Anonymous Liberal thinks he may have detected, in the latest White House spin, the beginings of a crack in the Libby/White House firewall:
The White House is trying to walk a fine line here. On the one hand, in order to characterize everything as being above board, they are forced to confirm Libby's claim that the President personally authorized the release of information from the NIE, a decision which amounted to de facto "declassification." On the other hand, they are hoping to distance the President as much as possible from Libby's subsequent actions, i.e., misrepresenting the NIE, asking that the information be attributed to a "former Hill staffer," and outing an undercover CIA agent in the process.

So, after three days, they've settled on their spin: the President authorized discussion of the NIE but left all the details to Cheney and his aides.

[...]

Because Libby so badly misrepresented the content of the NIE, it is very difficult for the White House to claim that the President authorized the disclosure without also implicating the President in a rather egregious bit of deception. That's why it's important that reporters press the White House on the specifics of Bush's "declassification" order. Which portions of the NIE did the President want reporters to know about and how did he want those portions to be represented? These are important questions, not just politically but legally. Only the portions of the NIE Bush actually mentioned can even arguably be described as having been declassified.

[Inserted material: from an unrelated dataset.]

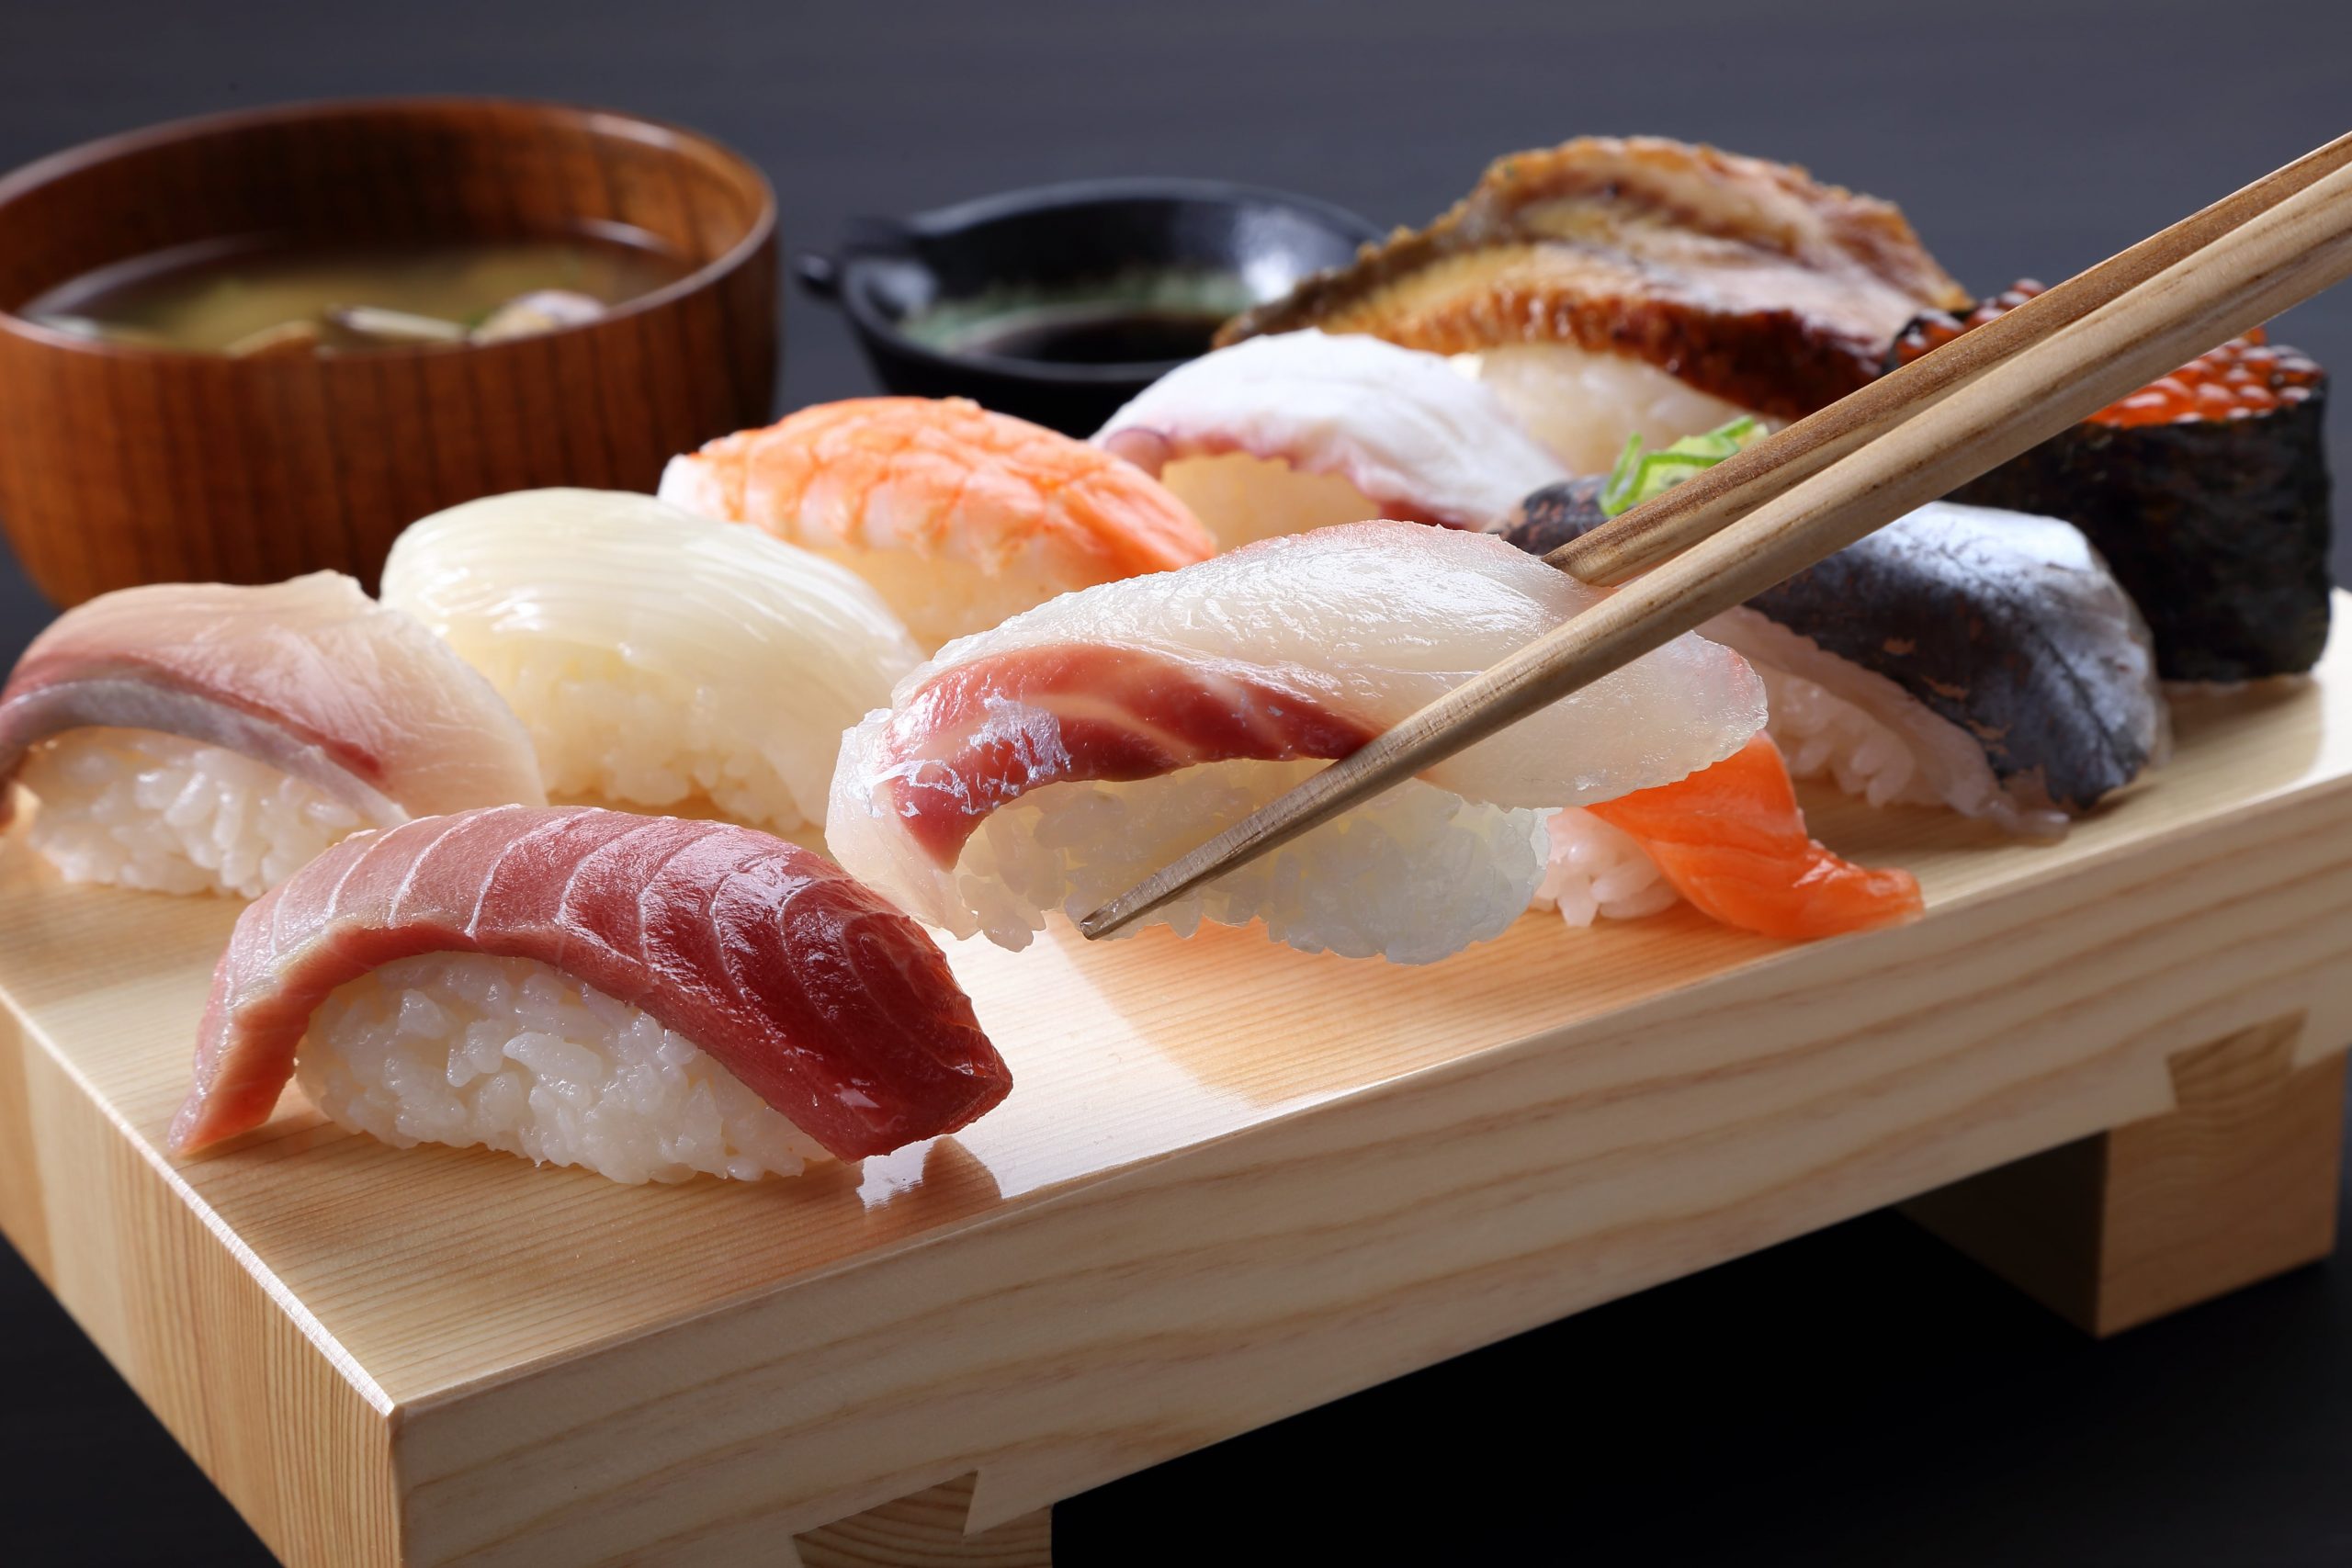 日本文化としての寿司の定義や歴史とは 寿司を食べる際の礼儀やマナーも解説 にほんご日和

If reporters do their jobs and press the White House for answers to these questions, they may end up driving a wedge between the White House, on one side, and Libby and Cheney on the other. Up until now, the White House has been very careful not to say anything bad about Libby or to do anything to add to his legal troubles. Their worst fear is that Libby will flip and begin cooperating with Fitzgerald, a move that would spell disaster for the Vice President. But if Libby's testimony continues to cause political headaches for the White House--and it will if reporters continue to connect the dots--we will start to see a noticeable rift development between the White House and the Vice President's Office. Today's White House spin is the first sign of it.